In People v. Chamberlain, 60 P. 2d 299, 300, the Supreme Court of California stated as follows:

“No witness testified that the defendant was sane when he committed the crime. The prosecution rested without introducing any testimony to rebut the case of defendant on the issue of sanity. It relied entirely on the presumption of law that all men are presumed *70to be sane, and the evidence, if any, indicating the sanity of defendant, adduced on cross-examination from witnesses called by the-defense, including the defendant who testified in his own behalf.
“ . . . that a presumption is evidence and may in certain cases, outweigh positive evidence adduced against it has long been the settled law of this state.”

The case of Quiñones v. Quiñones, 42 P.R.R. 297, 302, should, in my judgment, be expressly overruled insofar as it may be interpreted! as holding otherwise on the question of presumptions.

Appellant also maintains that the trial court “erred in instructing-the jury that there must exist a lack of knowledge that an act is wrong in a moral sense . . .” In my opinion, he is not in the right.
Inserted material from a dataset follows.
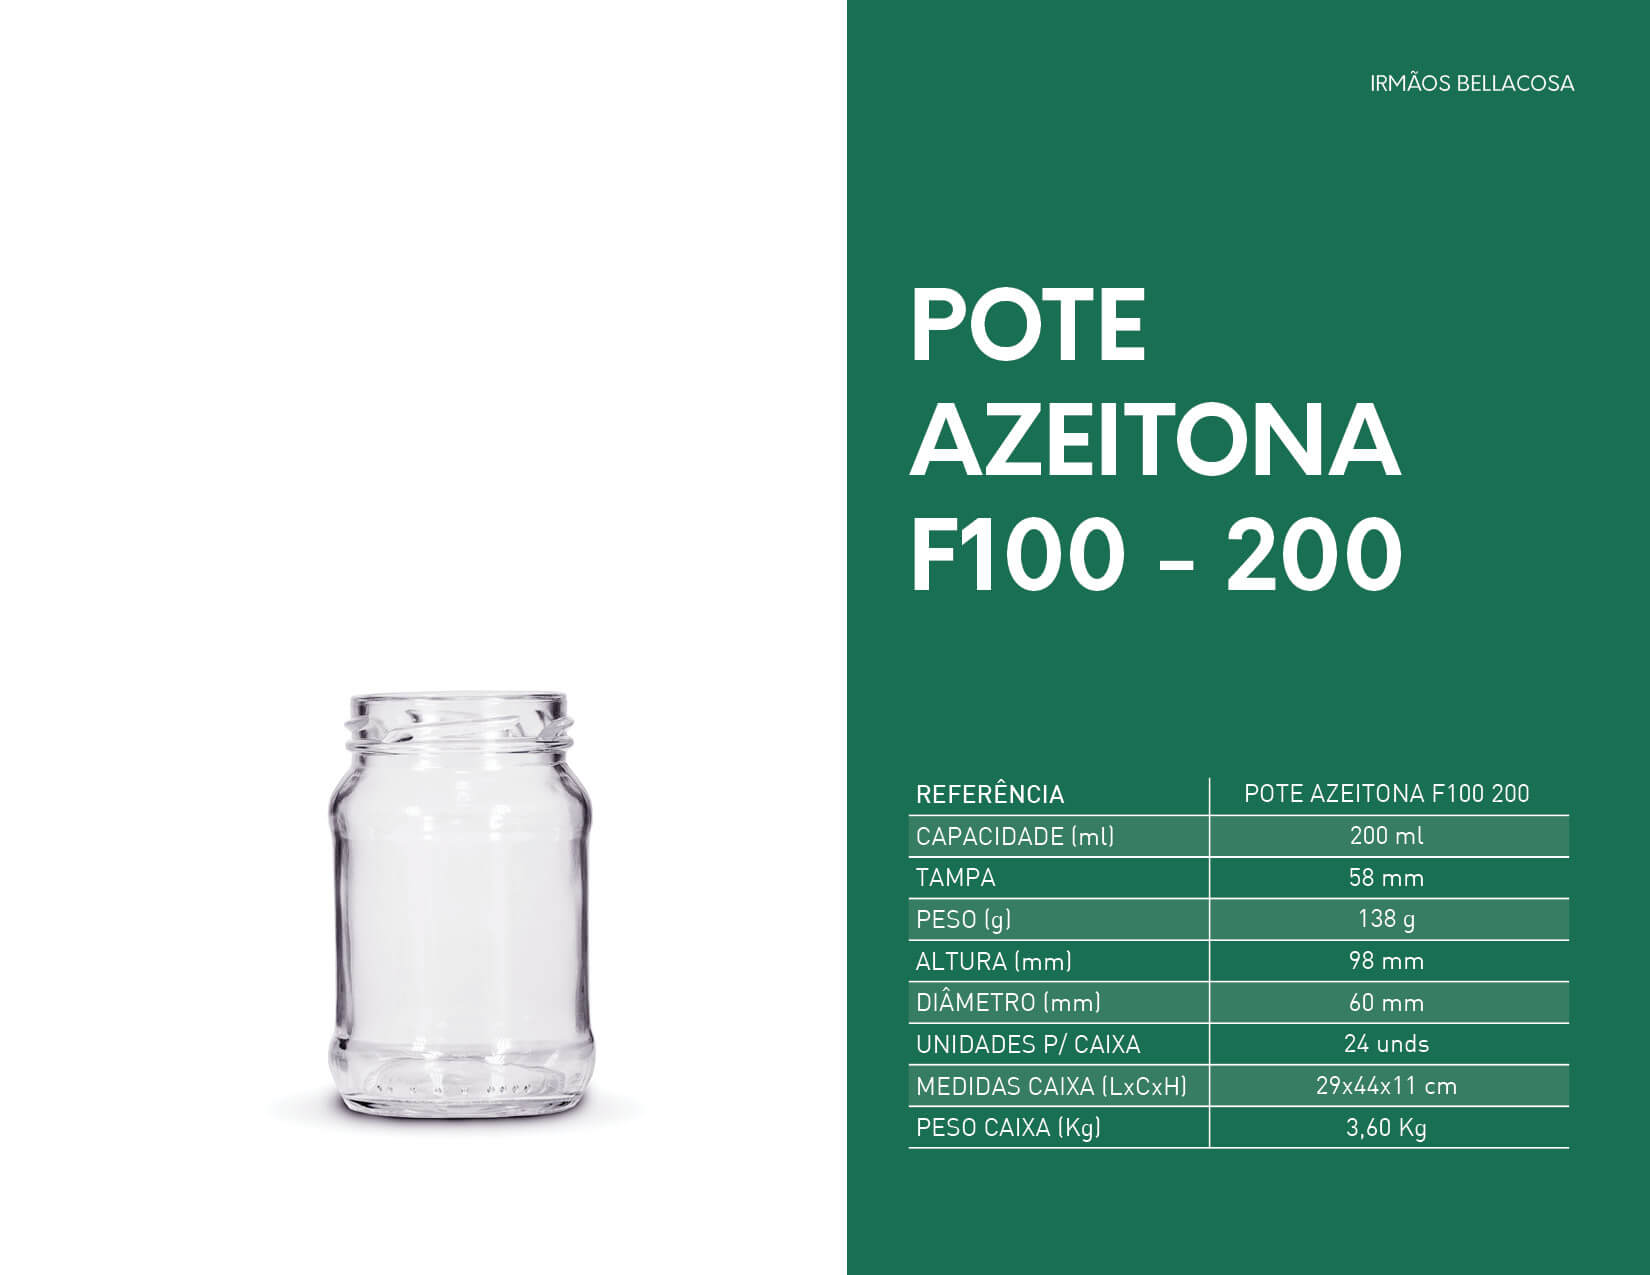 022-Pote-Azeitona-F100-200-irmaos-bellacosa-embalagens-de-vidro

Moral insanity -does not excuse commission of crime. People v. Gilbert, supra. People v. McCarthy, 46 Pac. 1073.

Ii the specific exceptions to the instructions had been taken, and if the defendant had given the court an opportunity to make amends, the presumption is that the erroneous instruction last mentioned would have been clarified and corrected. Cf. Asgill v. United States, 60 F. 2d 776, 780; United States v. Vasilaky, 168 F. 2d 191.

See, also, Fisher v. United States, 328 U. S. 463, 90 L. Ed. 1382, 1386.